Wednesday, July 2, 2008

Multitasking?

Doing too many things at once may not be saving us any time, and could be harming our health

Christine Rosen
special to the star

In the 1740s, Lord Chesterfield offered the following advice to his son: "There is time enough for everything in the course of the day, if you do but one thing at once, but there is not time enough in the year, if you will do two things at a time."

To Chesterfield, singular focus was not merely a practical way to structure one's time, it was a mark of intelligence, while "hurry, bustle, and agitation are the never-failing symptoms of a weak and frivolous mind."

In modern times, hurry, bustle, and agitation are so much a way of life that we have a word for it: multitasking.

Used for decades to describe the parallel processing abilities of computers, multitasking is now shorthand for the human attempt to do simultaneously as many things as possible, as quickly as possible, preferably marshalling the power of as many technologies as possible.

In recent years, however, challenges to the ethos of multitasking have begun to emerge.

Numerous studies have shown the sometimes-fatal danger of using cellphones and other electronic devices while driving.

In the business world, where concerns about time-management are perennial, warnings about workplace distractions spawned by a multitasking culture are on the rise.

"Workers distracted by email and phone calls suffer a fall in IQ more than twice that found in marijuana smokers," a 2005 British study found.

Among the many scientific explorations of the phenomenon is the work of psychologist RenĂ© Marois of Vanderbilt University, who used scans to track what happens when the brain is forced to respond to several stimuli at once. Marois found that task-switching leads to time lost as the brain determines which task to perform – bearing out Chesterton's point about efficiency or lack thereof.

And for teens who insist they can listen to music, watch TV, surf the Net and do their homework, all at the same time, psychology professor Russell Poldrack has bad news.

Poldrack, of the University of California, Los Angeles, did a study that found multitasking adversely affects learning. "Even if you learn while multitasking, that learning is less flexible and more specialized, so you cannot retrieve the information as easily," he says.

His research demonstrates that when people are distracted, they use different areas of the brain for learning and storing new information. Brain scans of people who are distracted or multitasking show activity in the striatum, a region of the brain involved in learning new skills; brain scans of people who are not distracted show activity in the hippocampus, a region involved in storing and recalling information.

"We have to be aware that there is a cost to the way that our society is changing, that humans are not built to work this way," Poldrack warned in a recent radio interview. "We're really built to focus. And when we sort of force ourselves to multitask, we're driving ourselves to perhaps be less efficient in the long run even though it sometimes feels like we're being more efficient."

As educational psychologist Jane Healy told the San Francisco Chronicle, "I think this generation of kids is guinea pigs." She worries they could grow into adults who engage in "very quick but very shallow thinking."

When we talk about multitasking, we are really talking about attention: the art of paying attention, the ability to shift our attention and, more broadly, to exercise judgment about what objects are worthy of our attention.

People who have achieved great things often credit a finely honed skill for paying attention. When asked about his particular genius, Isaac Newton responded that if he had made any discoveries, it was "owing more to patient attention than to any other talent."

William James, the great psychologist who wrote at length about the varieties of human attention, compared adults' stream of thought to a river – "easy simple flowing predominates in it, the drift of things is with the pull of gravity, and effortless attention is the rule."

In contrast, the youthful mind is characterized by an "extreme mobility of the attention" that "makes the child seem to belong less to himself than to every object which happens to catch his notice."

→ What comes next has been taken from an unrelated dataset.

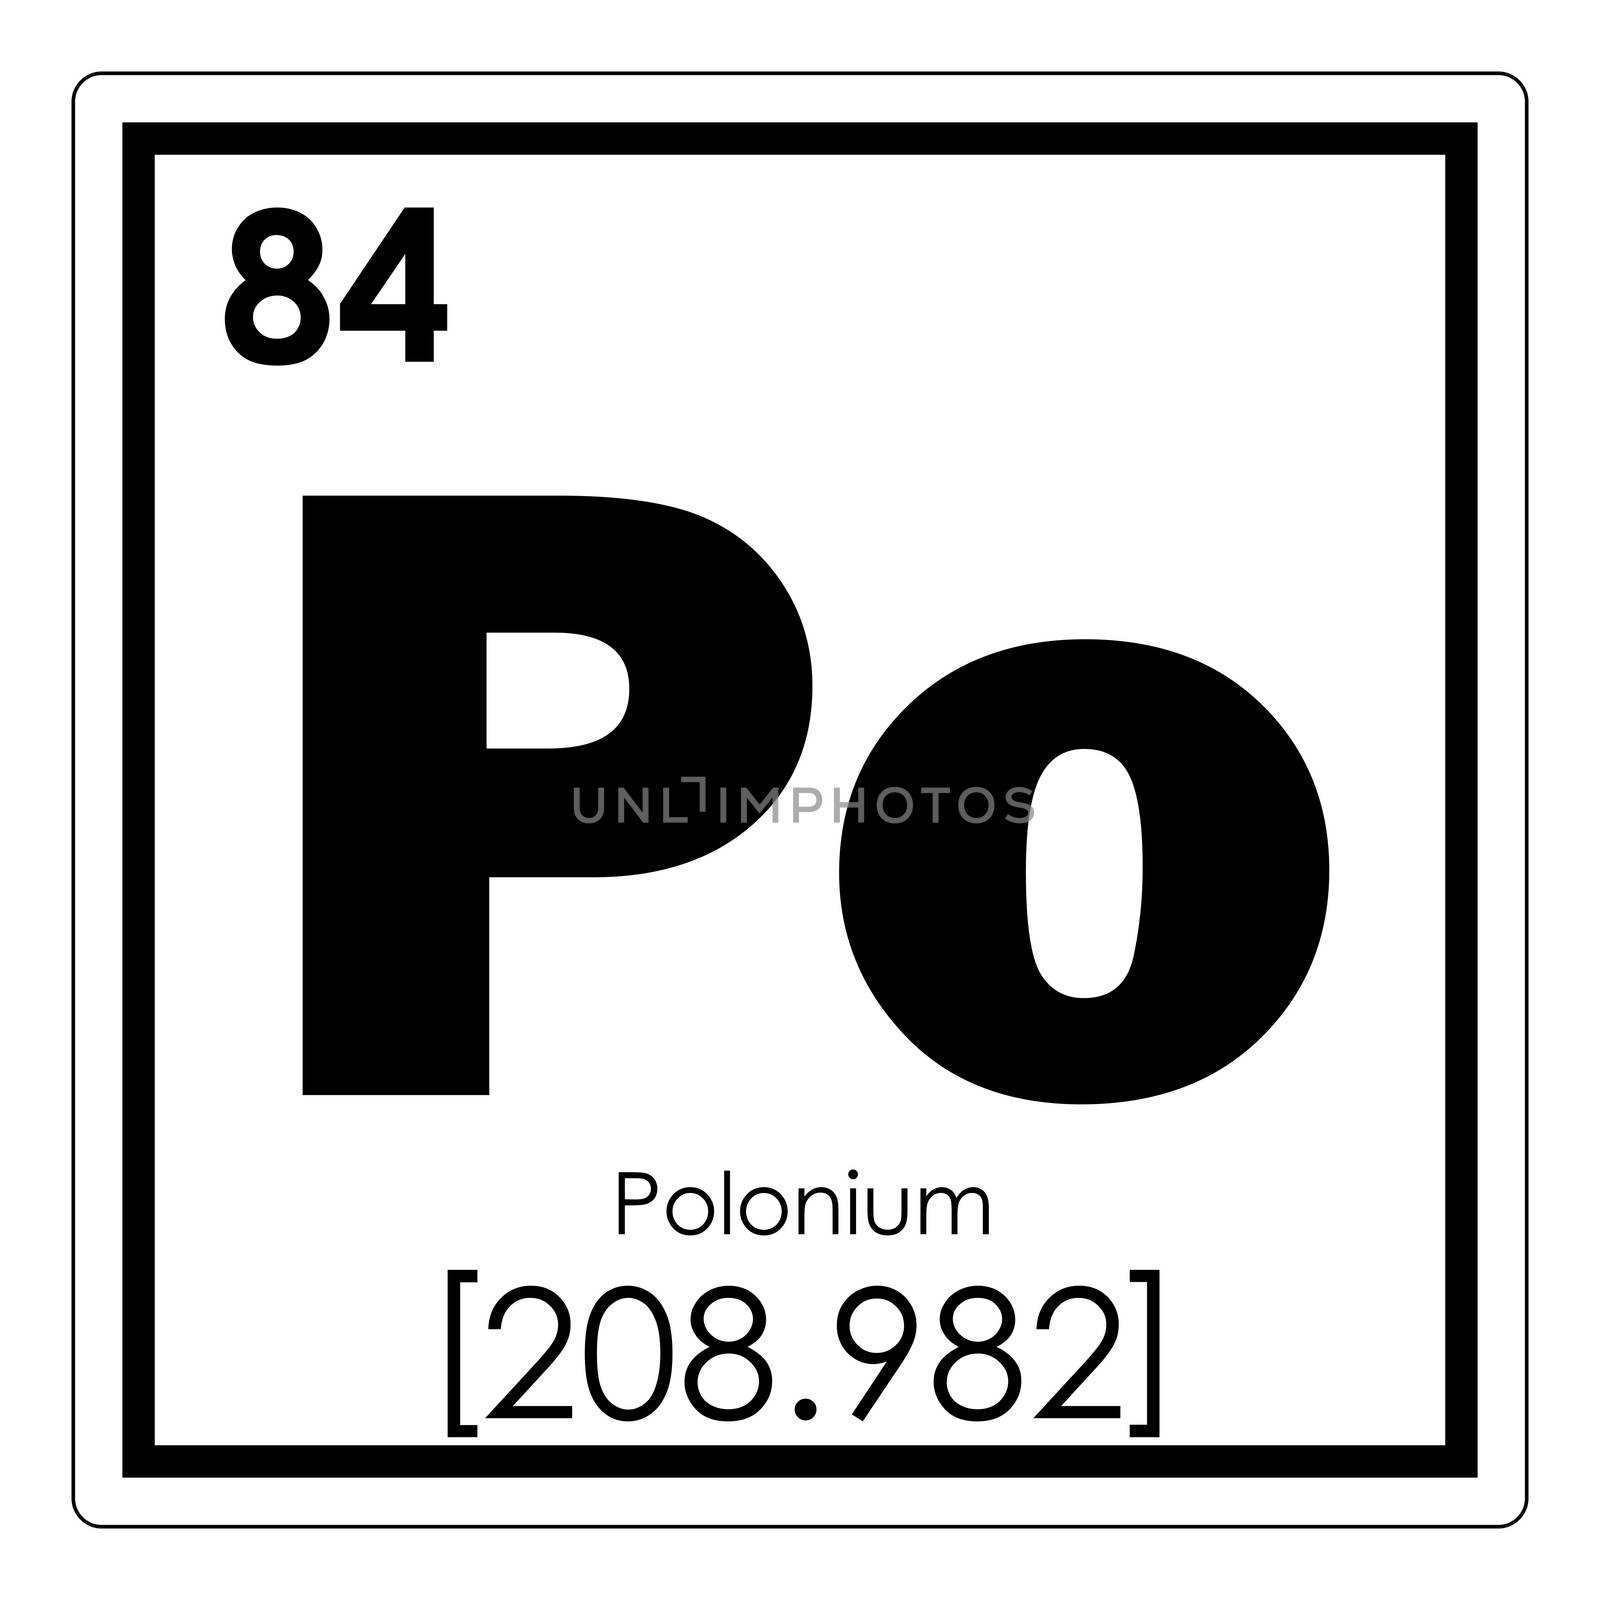 Polonium chemical element by tony4urban

Like Chesterfield, James believed the transition from youthful distraction to mature attention was in large part the result of personal mastery and discipline – and so was illustrative of character.

"The faculty of voluntarily bringing back a wandering attention, over and over again," he wrote, "is the very root of judgment, character and will."

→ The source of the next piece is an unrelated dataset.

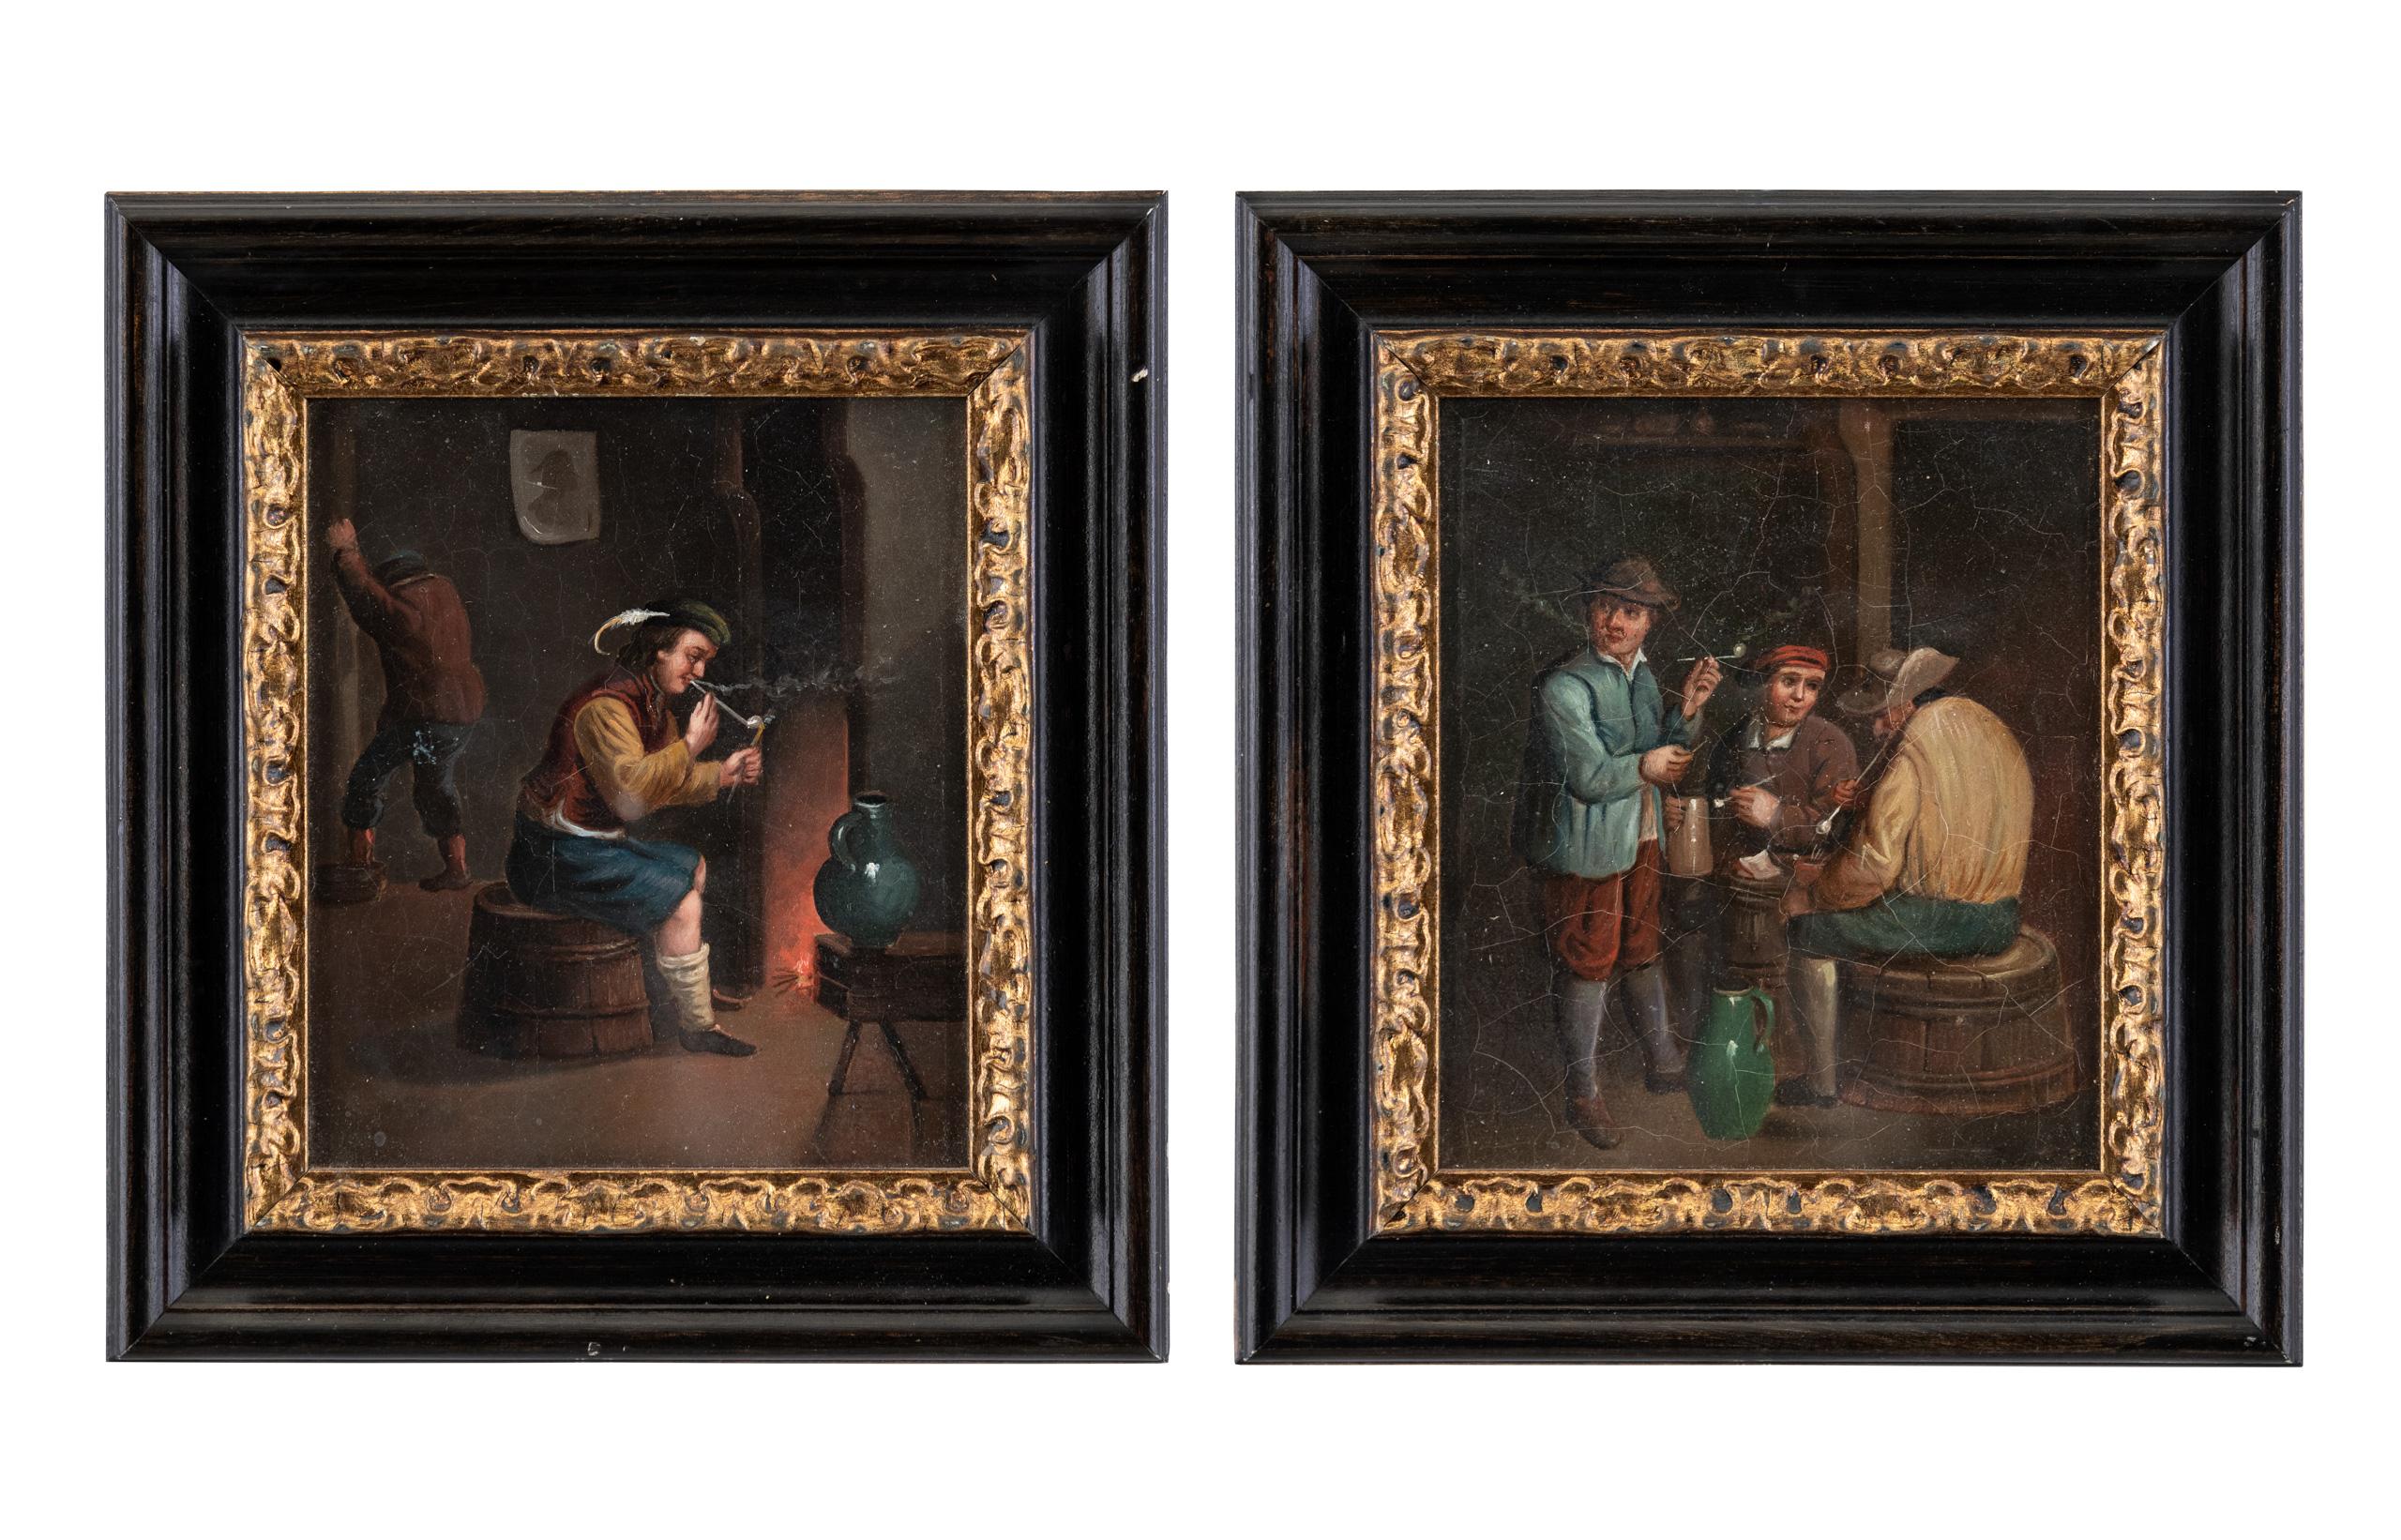 Pair of 19th century Dutch figure paintings - Inn interiors - Oil on canvas

Today, our collective will to pay attention seems fairly weak. We require advice books to teach us how to avoid distraction. In the not-too-distant future, we may even need new gadgets to help us overcome the unintended attention deficits created by the gadgets that exist today.

Like the devices placed on engines so that people can't drive cars beyond a certain speed, there may be "time nannies" (as a New York Times writer speculated) to help us manage our multitasking. These technological governors would prompt us with reminders to set mental limits when we try to do too much, too quickly, all at once.

Then again, perhaps we will simply adjust. For the younger generation of multitaskers, after all, the great electronic din is an expected part of everyday life.

But given what neuroscience and anecdotal evidence have shown, this state of constant intentional self-distraction could well be of profound detriment to individual and cultural well-being.

When people do their work only in what James called the "interstices of their mind-wandering," with crumbs of attention rationed out among many tasks, their culture may gain in information, but it will surely weaken in wisdom.